Tuesday, March 8, 2011

Book review: Pilcrow

So, the posting here has been pretty sparse lately, I realise. Semester starting and all sorts of other things going on will do that. I will try harder to maintain a more-regular posting schedule from now on...

First, credit where it's due: I read Pilcrow after reading the wonderful reviews of it & Cedilla (which we'll get to in a moment) over at the wonderful book-reviewin' blog Asylum. If you're interested in thoughtful reviews of interesting books on a regular basis, I recommend you keep an eye on that blog.

Anyway, Pilcrow is the first book in a (proposed) four-volume novel by British writer Adam Mars-Jones tracking the life of its narrator, John Cromer. (The aforementioned Cedilla, volume two, was published late last year.) Pilcrow is also the name of the paragraph-break punctuation mark that you're probably familiar with if you've done much of the accursed Track Changes in MS Word.

Pilcrow (the novel) begins - after a brief flash-forward to him learning to drive - with John's boyhood in 1950s England. He is a curious (as in, interested) boy, probably fairly typical in a lot of ways for 1950s English children. His father was a pilot in the war, and is emotionally reserved towards his family (again, fairly typically, I suspect, although there are also hints that his nature goes beyond this), and his mother is the dominant figure in his life - something of a snob, perhaps even a social climber. The early sections of the book lay out this life in a low-key way, setting the scene for the change that drives most of the rest of the story: when still quite young (five or thereabouts), John is struck with a rare illness that vastly reduces his mobility. Essentially, he loses all movement in his legs, and most of that in his arms. Confined to his bed, and needing near-constant care from his mother, John's life takes a significant turn.

Through the rest of Pilcrow, we follow John up until his mid-to-late teens. He eventually moves from his home to a hospital, where he stays for several years until moving to a school for handicapped children. During that time he undergoes the things that almost everyone does during those ages (emotional and intellectual developments, sexual awakening, struggles with friends and family), plus of course the issues brought on by his near-total immobility.

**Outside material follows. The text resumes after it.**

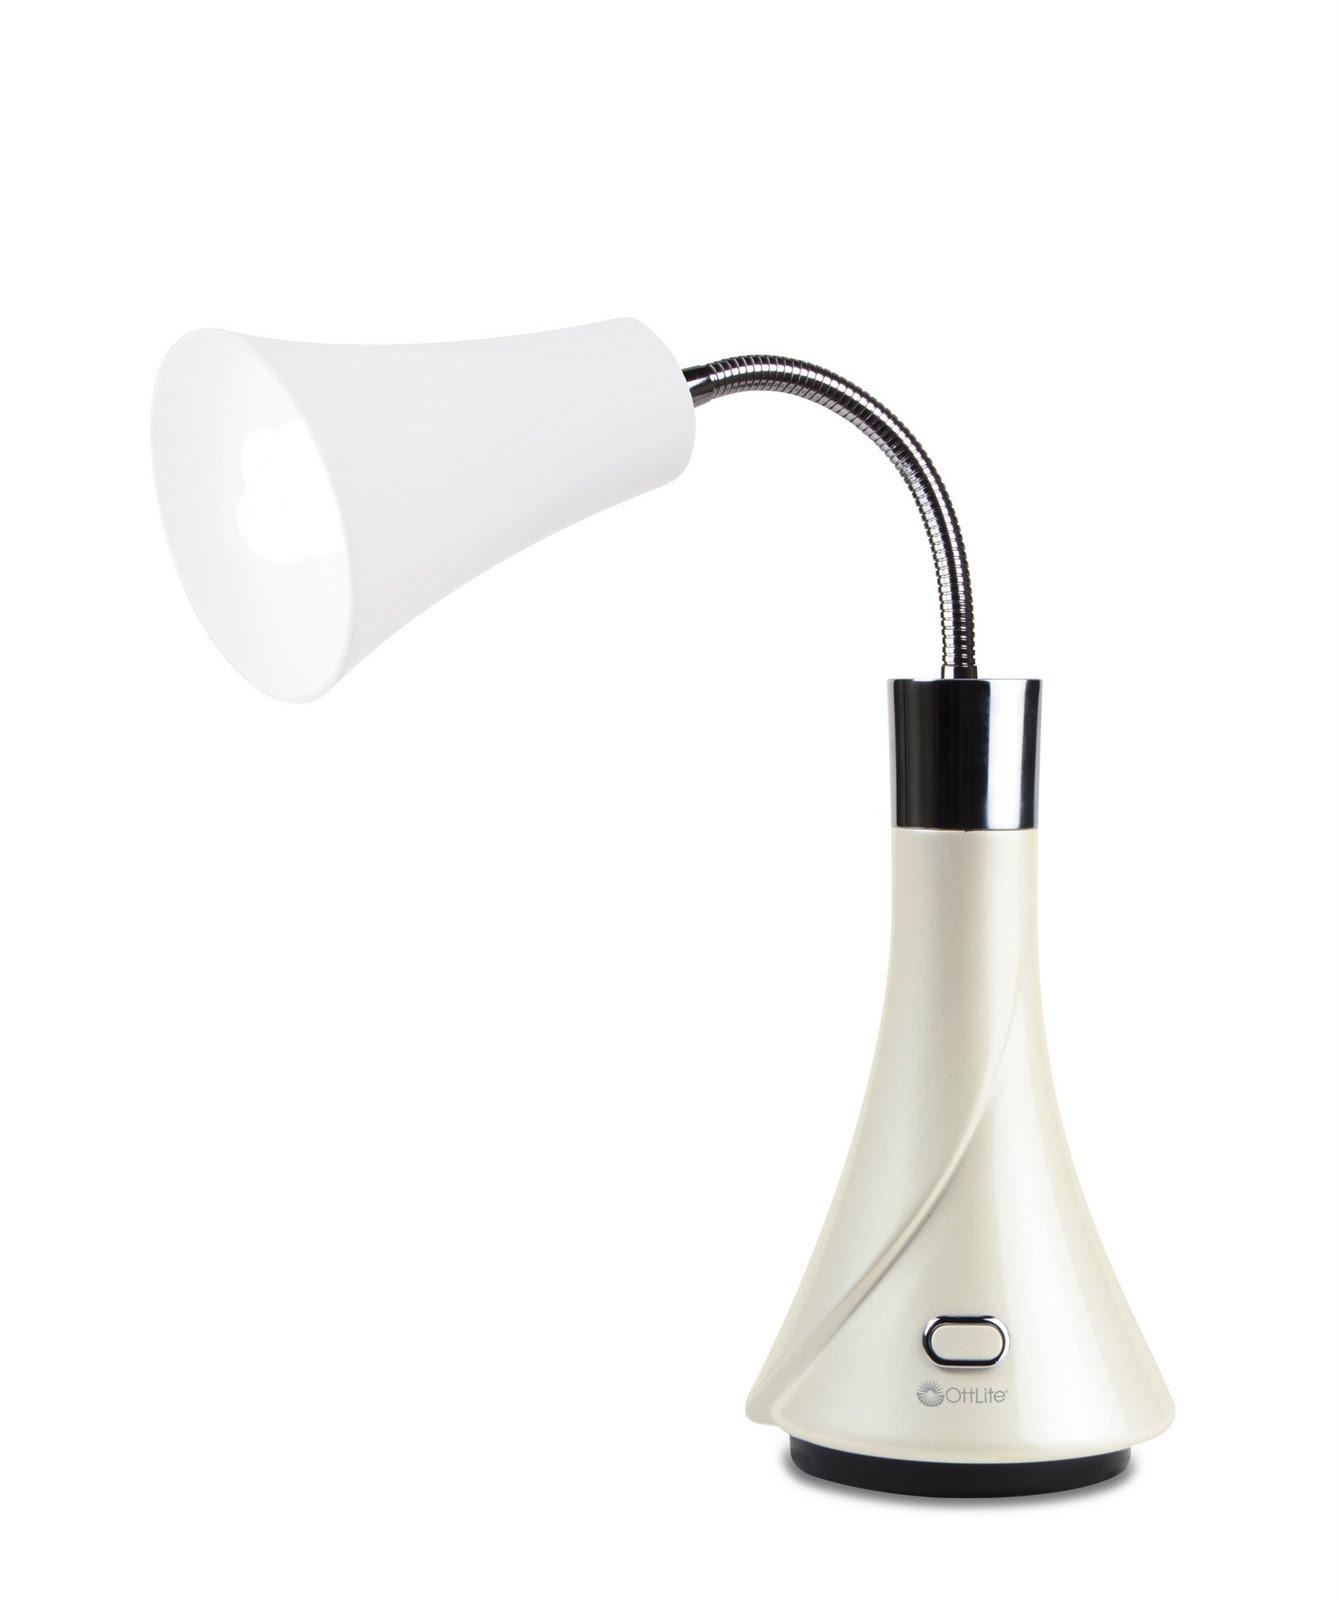 Ottlite Lighting Customer Reviews Lighting Ideas
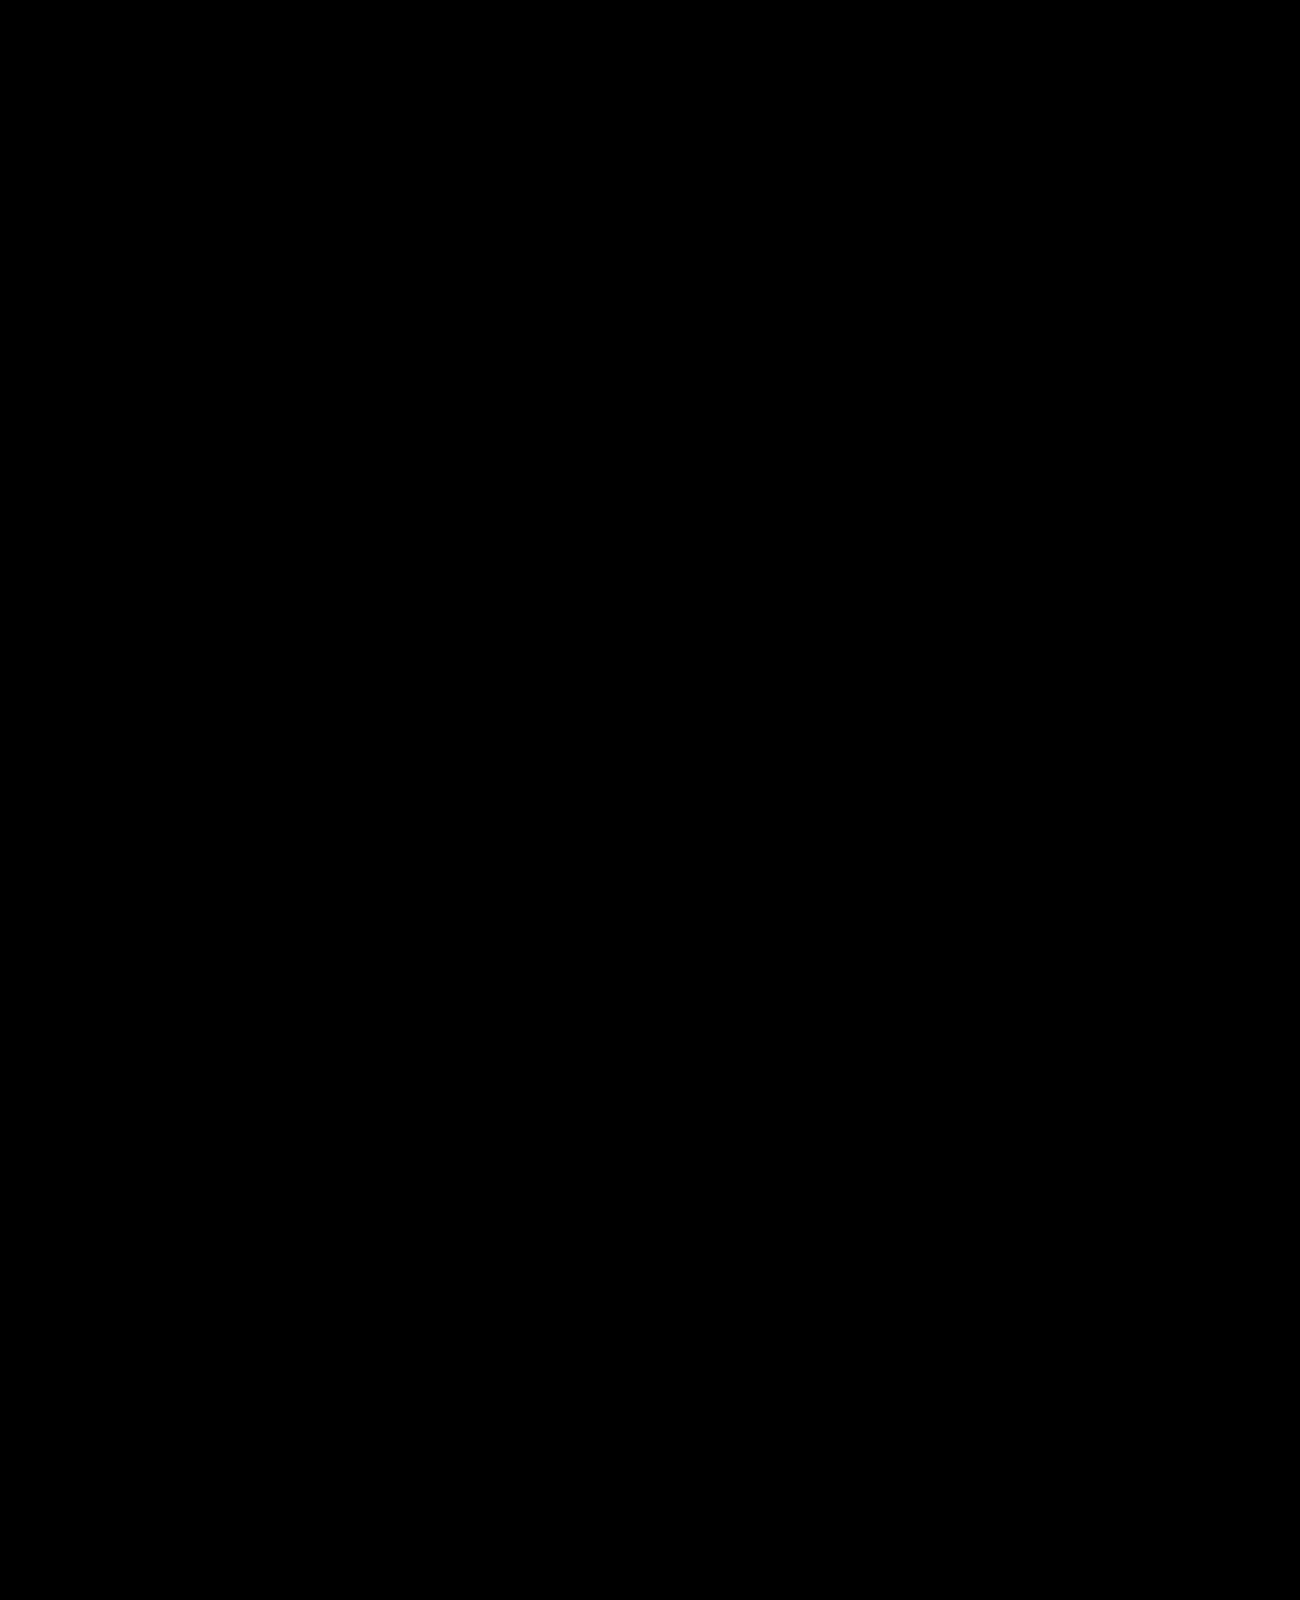 Stern Vorlage Ausschneiden Holidaysinjuly Stern Vorlage Ausschneiden Sterne Zum Ausdrucken Sterne Basteln Vorlage Stern Schablone

And that's about it, plot-wise. Thankfully, Mars-Jones is interested enough in the premise and characters of his story to not overstuff the plot. Through John's narration (from a later age), he are taken slowly, but always compellingly, through what it might have been like to grow up as John: the narrator's voice is wonderfully done, and the sizeable array of supporting characters are evocatively described. Few of them are as deftly-drawn as John's mother, although some of his schoolmates & teachers are strikingly well-observed (I have a special fondness for the spying/secret agent-obsessed Julian). Rather than an inherently-propulsive plot, what makes Pilcrow such a pleasure to read are the small details: Mars-Jones has clearly spent a lot of time thinking about what John's life would have entailed. And he describes it all in a pitch-perfect voice - while John is perhaps more reflective than the average child, the combination of his reflection-encouraging circumstances and the fact that the book is narrated from later in his life means that Mars-Jones avoids the pitfalls of the rarely not-annoying implausibly brilliant child narrator.

Doubtless a 525 page book with a distinct absence of whiz-bang plottery is not for everybody - especially when the book sorta just ends, with three books to come (Cedilla, I should note, is even longer - 700+ pages in hardcover). But those who are willing to delve into John Cromer's life will find much to enjoy, from the consistently sparkling prose and well-imagined characters to the various set pieces throughout. Pilcrow is a novel to move through slowly, not a novel to race through, but neither did it ever feel like a slog. I'm now eager to get (& get into) Cedilla, even though that will still mean a few years (presumably) until the next volume comes out.